First off it ignore the fact that if you include frail patients you’ll confound the results of the trial. So there is a good reason for it.

Second, saying “rate of SAE is higher than rate of treatment effect” is a bit silly considering these are cancer trial - without treatment there is a risk of death so most people are willing to accept SAE in order to achieve treatment effect.

Third, saying “the sickest patients saw the highest increase in SAE” seems obvious? It’s exactly what you’d expect.

replies(1): >>46199818 #
crote ◴[] No.46199818[source]
First, ignoring frail patients means your trial isn't representative of the wider population, so it shouldn't be accepted for general use - only on people who were well-represented in the trial.

Second, you're ignoring the possibility of other treatment options. It isn't always the binary life-or-death you're making it, so SAEs do matter.

Third, a big part of trials is to discover and develop prevention methods for SAEs.
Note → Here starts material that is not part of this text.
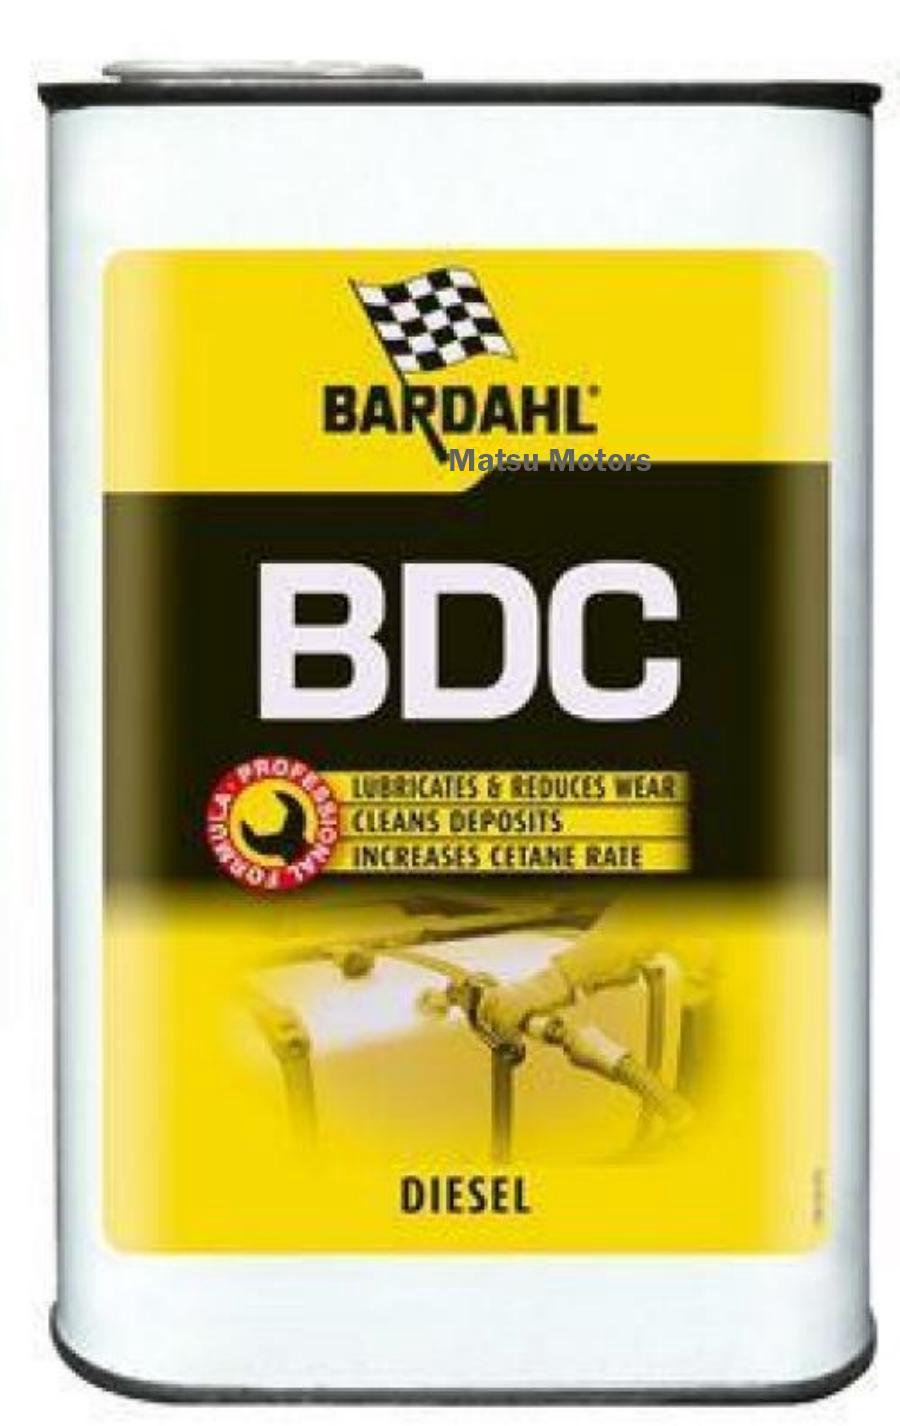 BDC BARDAHL DIESEL COMBUSTION 1литр - Присатка в диз. топливо многофункциональная (лето-зима)

Explicitly ignoring the people most likely to provide data valuable for the general population sounds like a pretty silly approach.

replies(4): >>46199909 #>>46200069 #>>46200860 #>>46202153 #
1. refurb ◴[] No.46199909[source]
But you’re stating the obvious? It’s not like physicians don’t know trials are designed this way, and for good reasons.

Frail patients confound results. A drug may work great, but you’d never know because your frail patients die for reasons unrelated to the drug.

Second is obvious as well. Doctors know there are treatment alternatives (with the same drawback to trial design).

And I already touched on your third point. The alternative to excluding frail patients is not being able to tell if the drug does anything. In many cases that means the drug isn’t approved.

Excluding frail patients has its drawbacks, but it has benefits as well. This paper acts like the benefits don’t exist.